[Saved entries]
━━━━
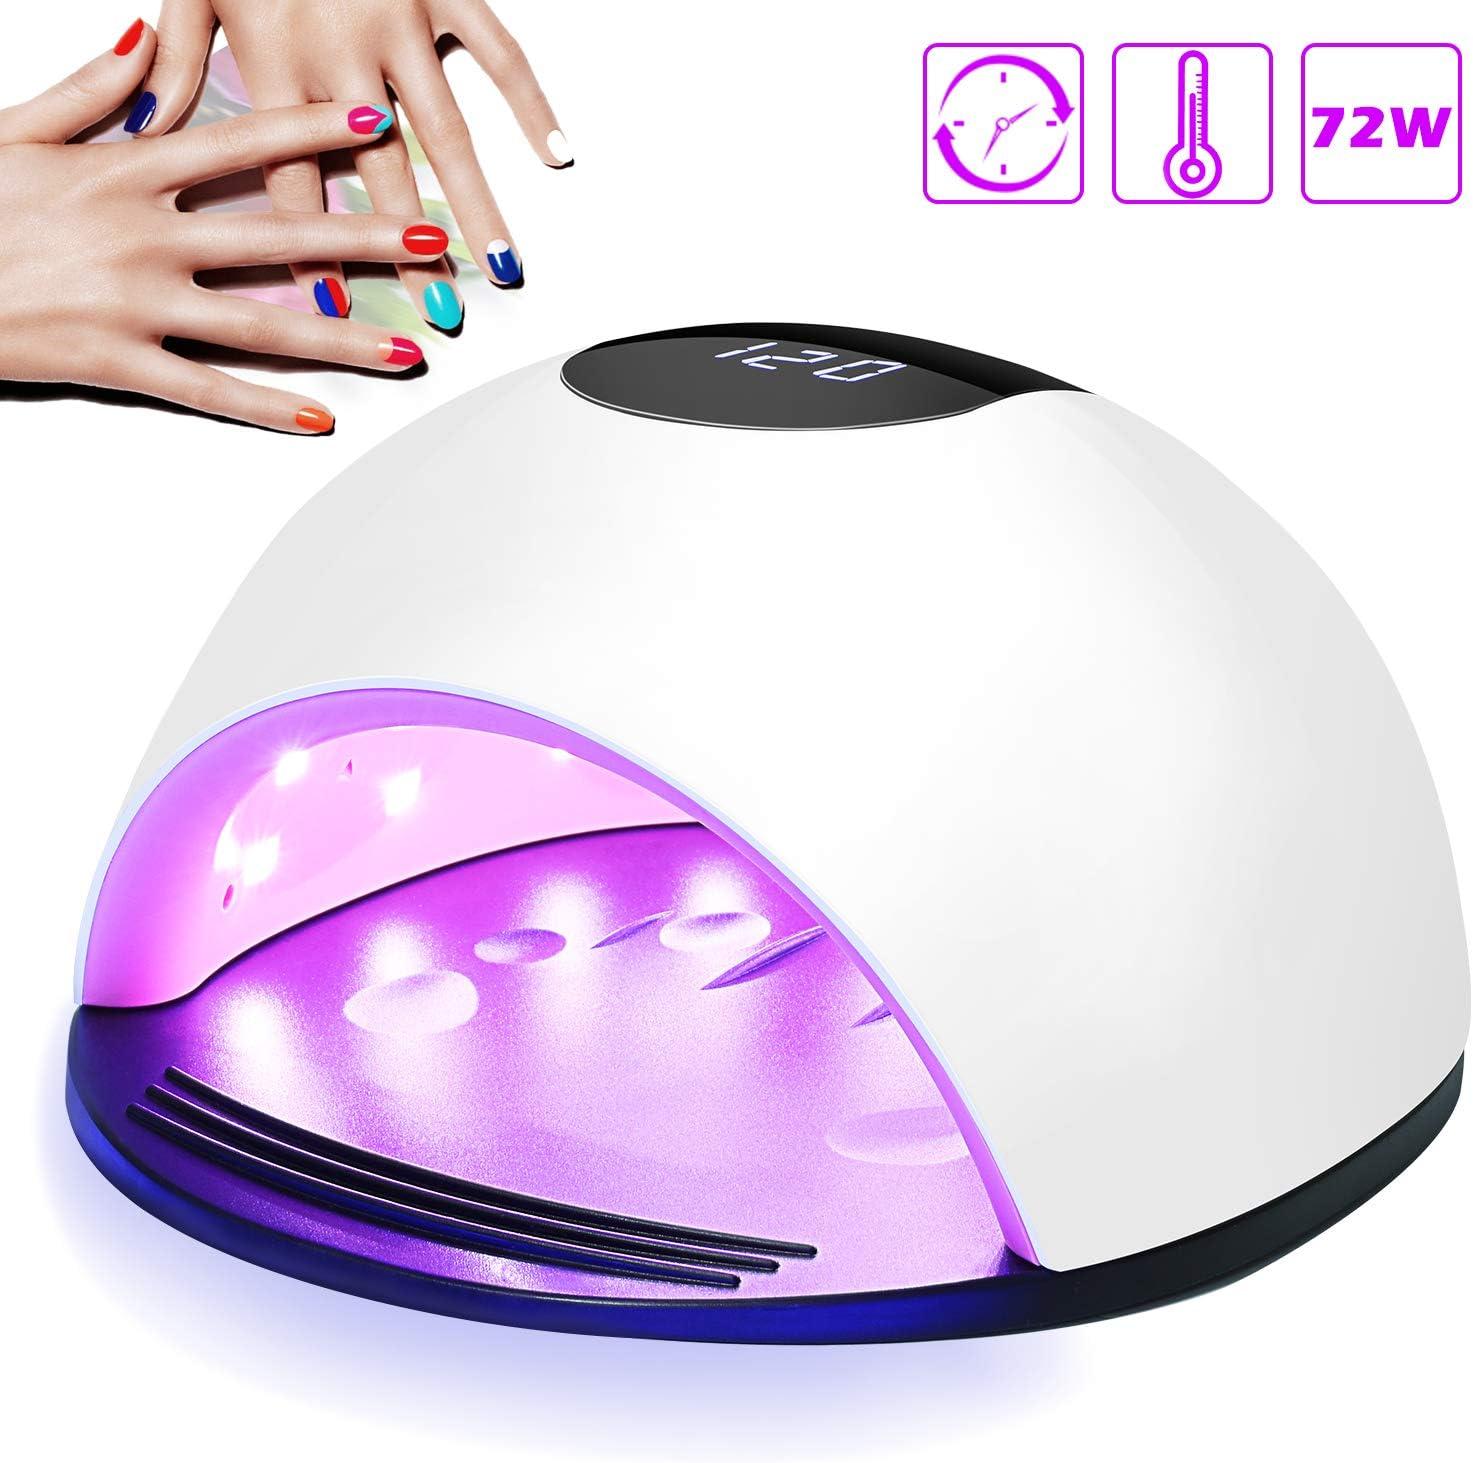 Lámpara LED UV Uñas, Nivlan 72W Lámpara LED Uñas Pantalla LCD Secador de uñas de Botón Táctil Sensor Automático de infrarrojos, Lampara uñ
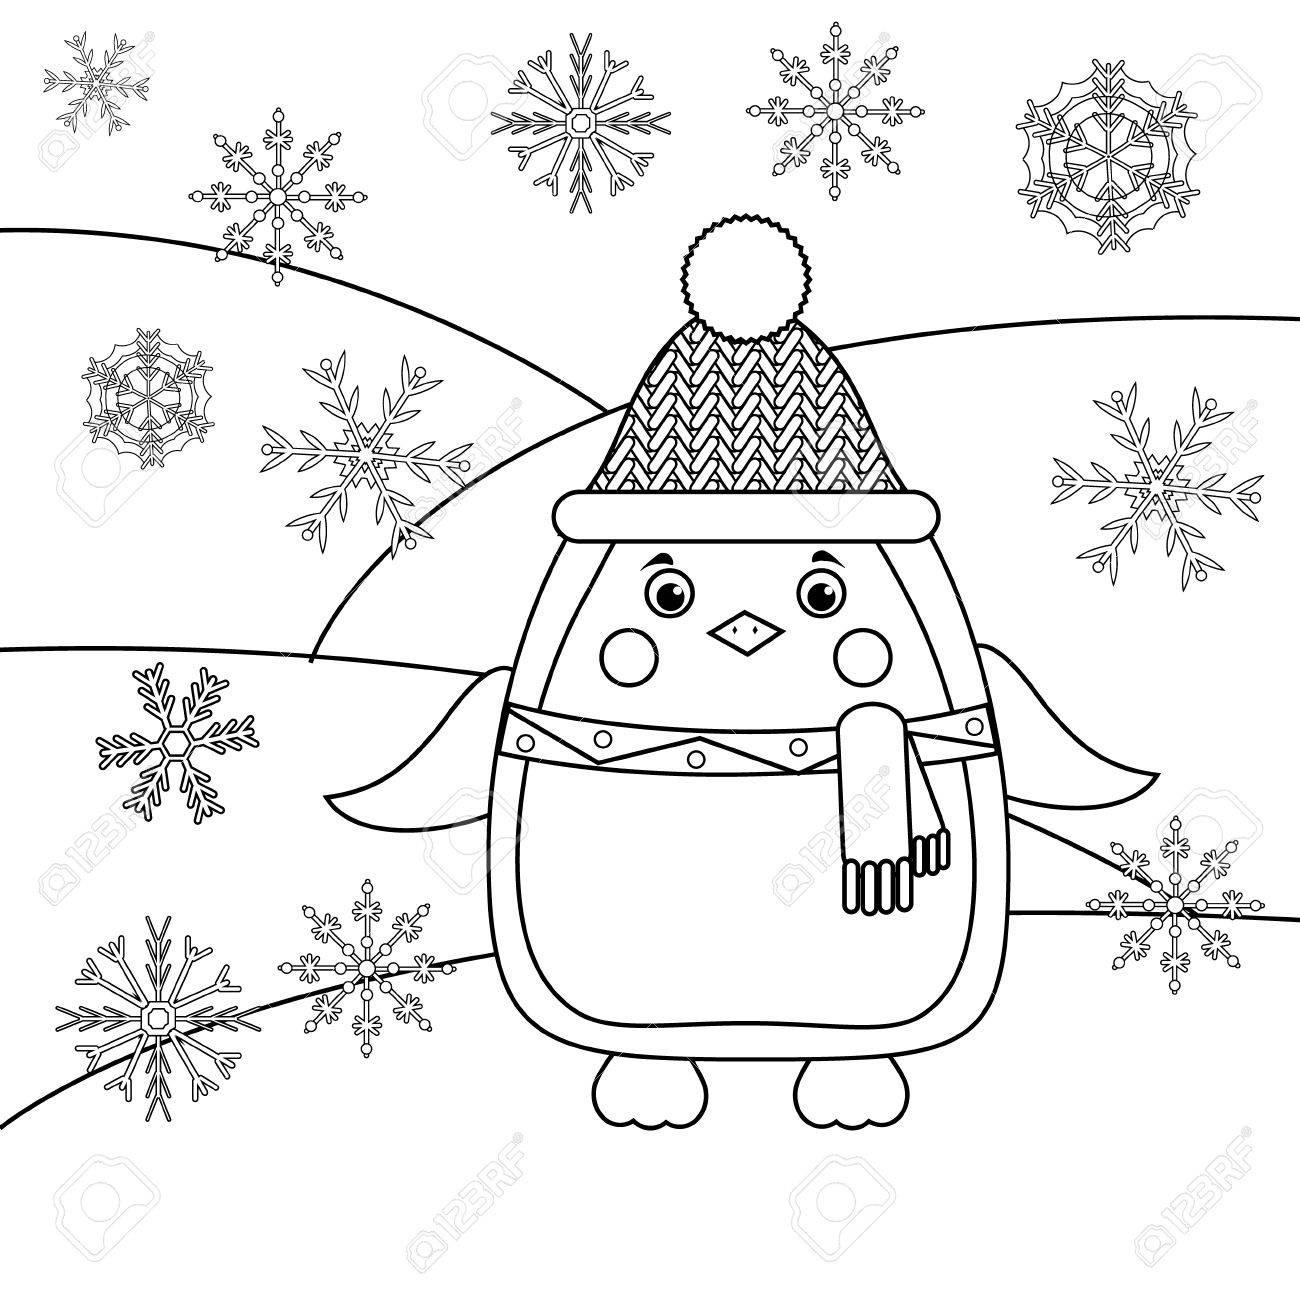 Winter Ausmalbilder Für Kinder : Malvorlage Mit Pinguin In Hut Und Schal Und Schneeflocken Lernspiel
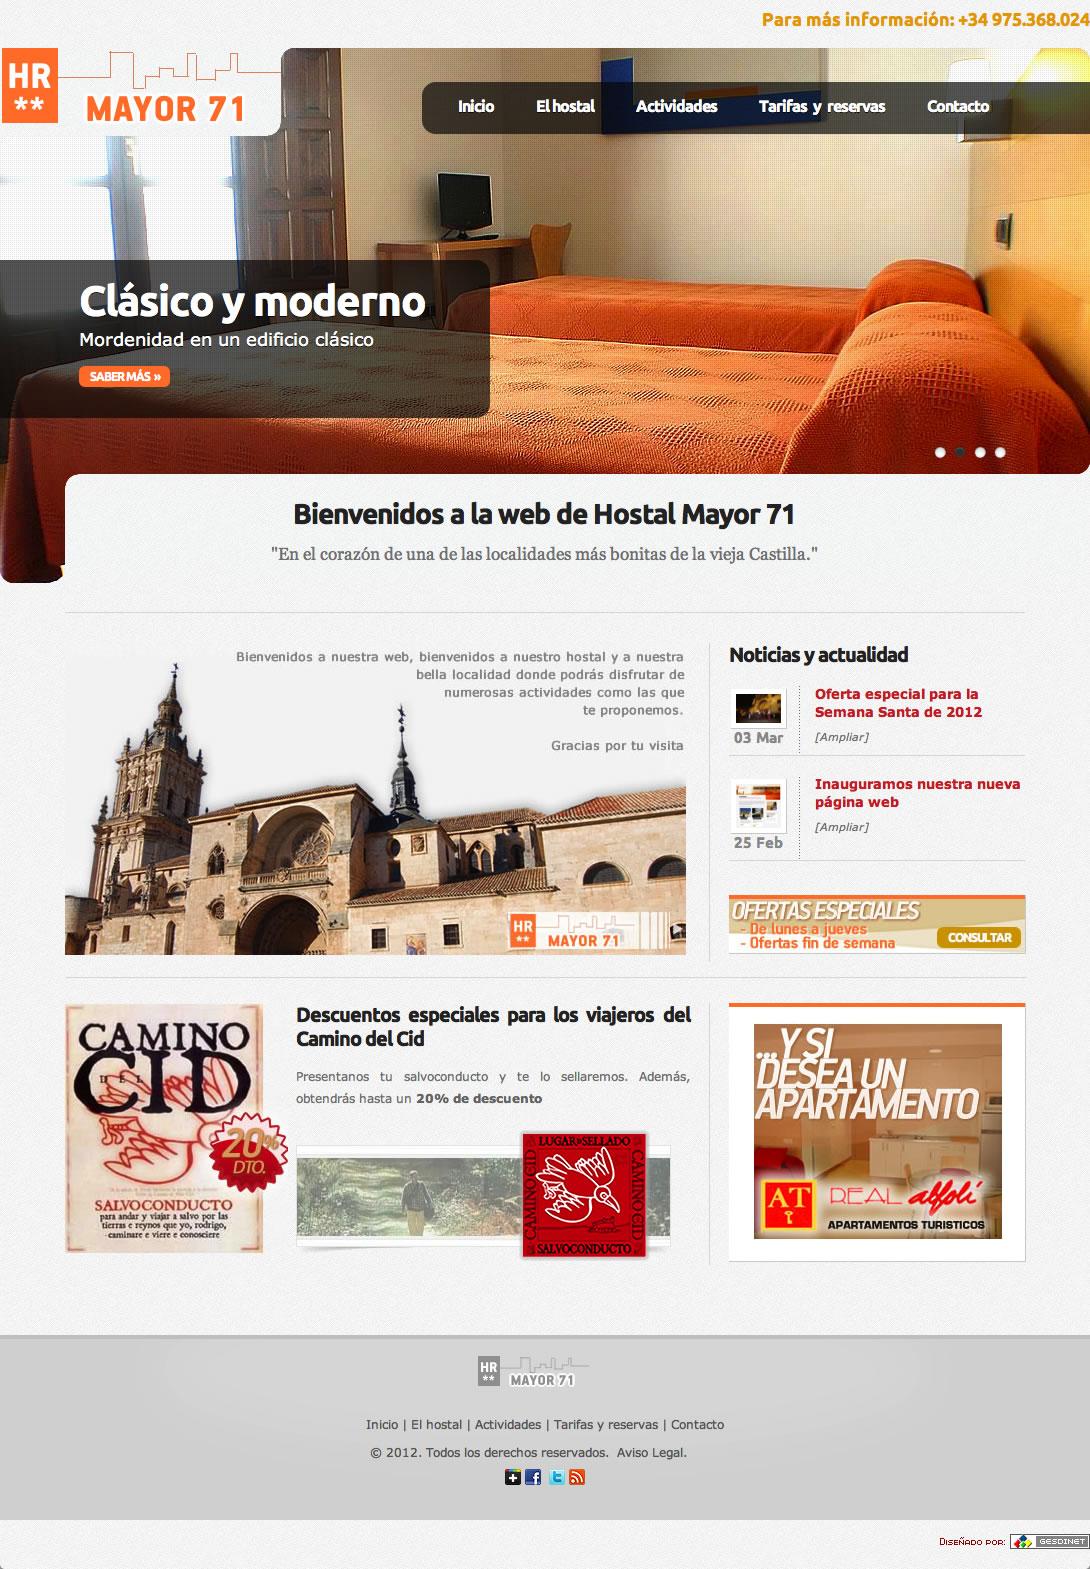 Finalizada la web del Hostal Mayor 71 y de los apartamentos Real Alfolí de El burgo de Osma
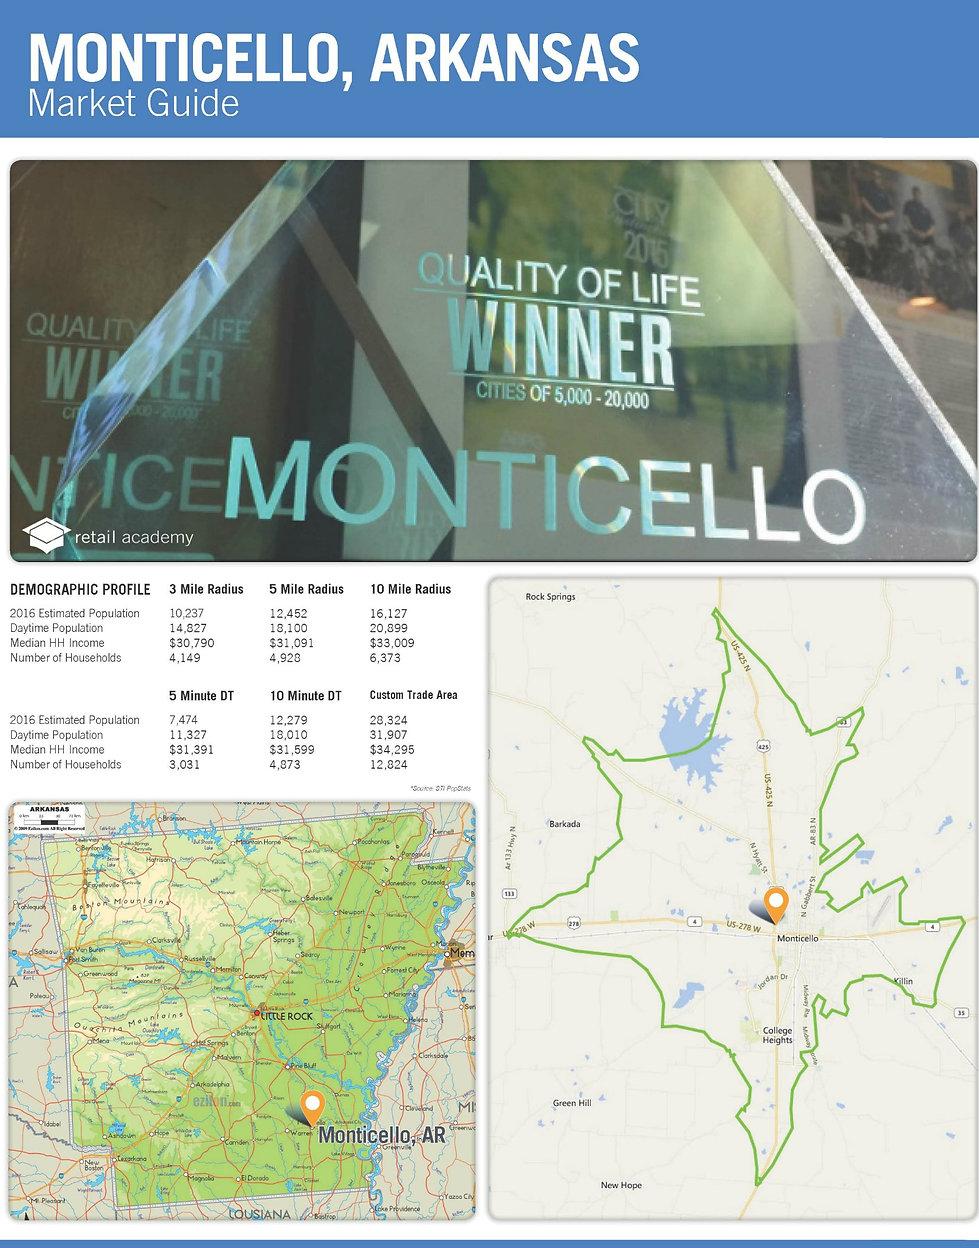 Monticello, Arkansas Market Guide
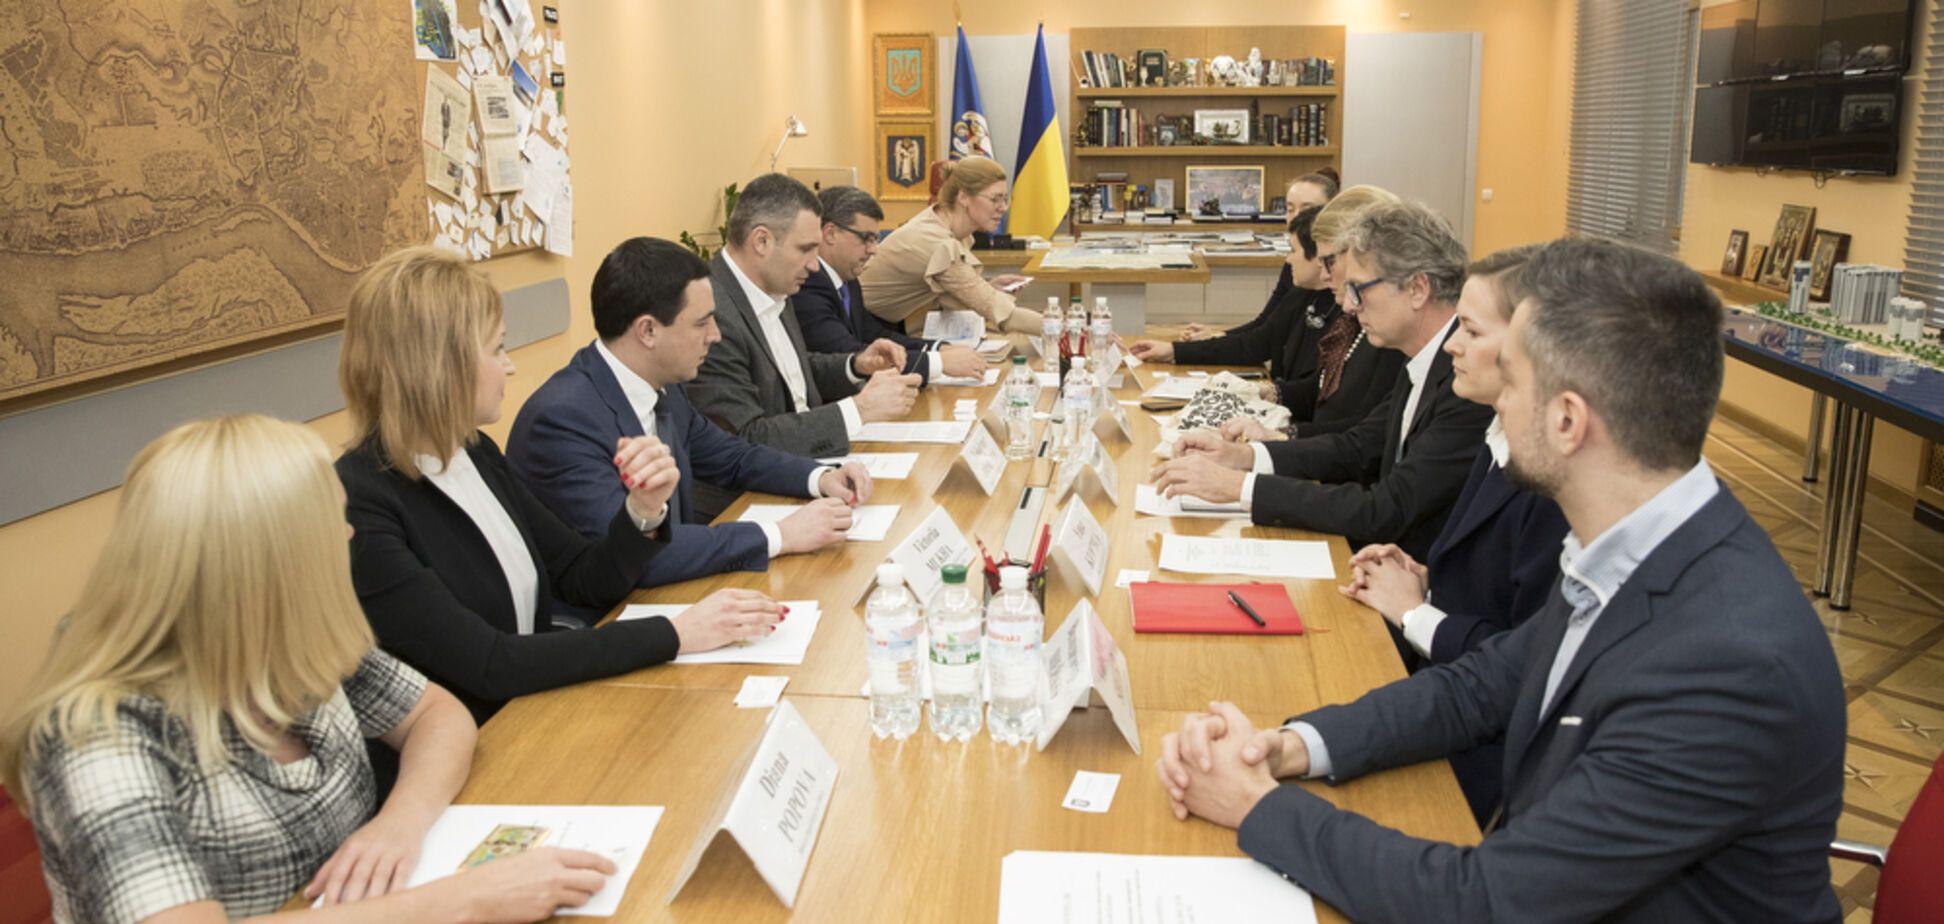 Кличко: одне з наступних бієнале MANIFESTA має пройти у Києві
━━━━
# [What you are asked to do]
Exactly as they appear, please return only the lines from the first line of the records through the line containing "Monticello, Arkansas Market Guide", both included, leaving out all pictures.

# [Answer to the exercise]
 Lámpara LED UV Uñas, Nivlan 72W Lámpara LED Uñas Pantalla LCD Secador de uñas de Botón Táctil Sensor Automático de infrarrojos, Lampara uñ
 Winter Ausmalbilder Für Kinder : Malvorlage Mit Pinguin In Hut Und Schal Und Schneeflocken Lernspiel
 Finalizada la web del Hostal Mayor 71 y de los apartamentos Real Alfolí de El burgo de Osma
 Monticello, Arkansas Market Guide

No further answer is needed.